Configuring the query results cache
Some operations support hundreds of thousands of users who connect to Hive using BI systems such as Tableau. In these situations, repetitious queries are inevitable. The query results cache, which is on by default, filters and stores common queries in a cache. When you issue the query again, Hive retrieves the query results from a cache instead of recomputing the result, which takes a load off the backend system.

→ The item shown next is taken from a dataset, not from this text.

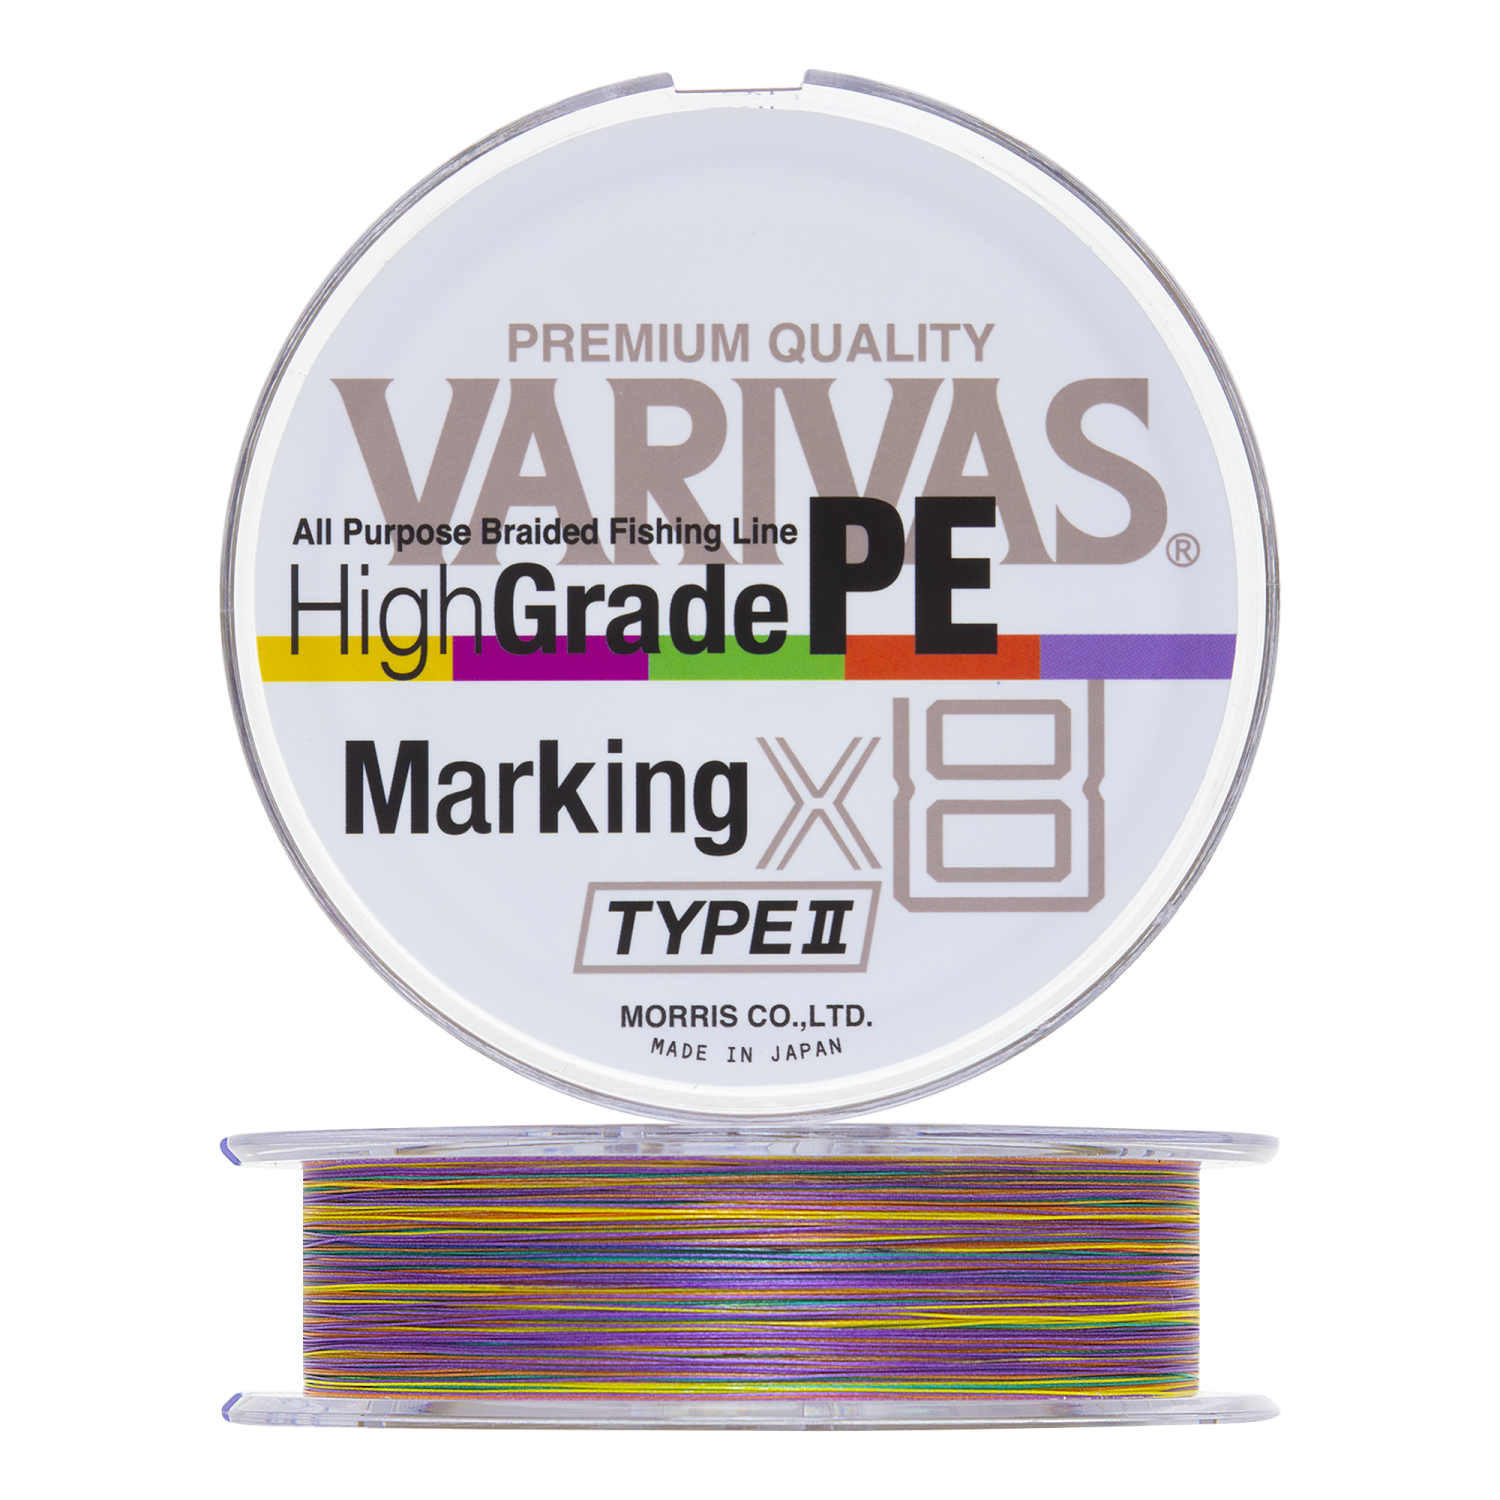 Шнур плетеный Varivas High Grade PE X8 Marking Type II #1,5 0,205мм 150м (multicolor)

Every query that runs in Hive 3 stores its result in a cache. Hive evicts invalid data from the cache if the input table changes. For example, if you preform aggregation and the base table changes, queries you run most frequently stay in cache, but stale queries are evicted. The query results cache works with managed tables only because Hive cannot track changes to an external table. If you join external and managed tables, Hive falls back to executing the full query. The query results cache works with ACID tables. If you update an ACID table, Hive reruns the query automatically.
You can enable and disable the query results cache from command line. You might want to do so
to debug a query. You disable
the query results cache in HiveServer by setting the following parameter to false:
SET hive.query.results.cache.enabled=false;
By default, Hive allocates 2GB for the query results cache. You can change this setting by
configuring the following parameter in bytes:
hive.query.results.cache.max.size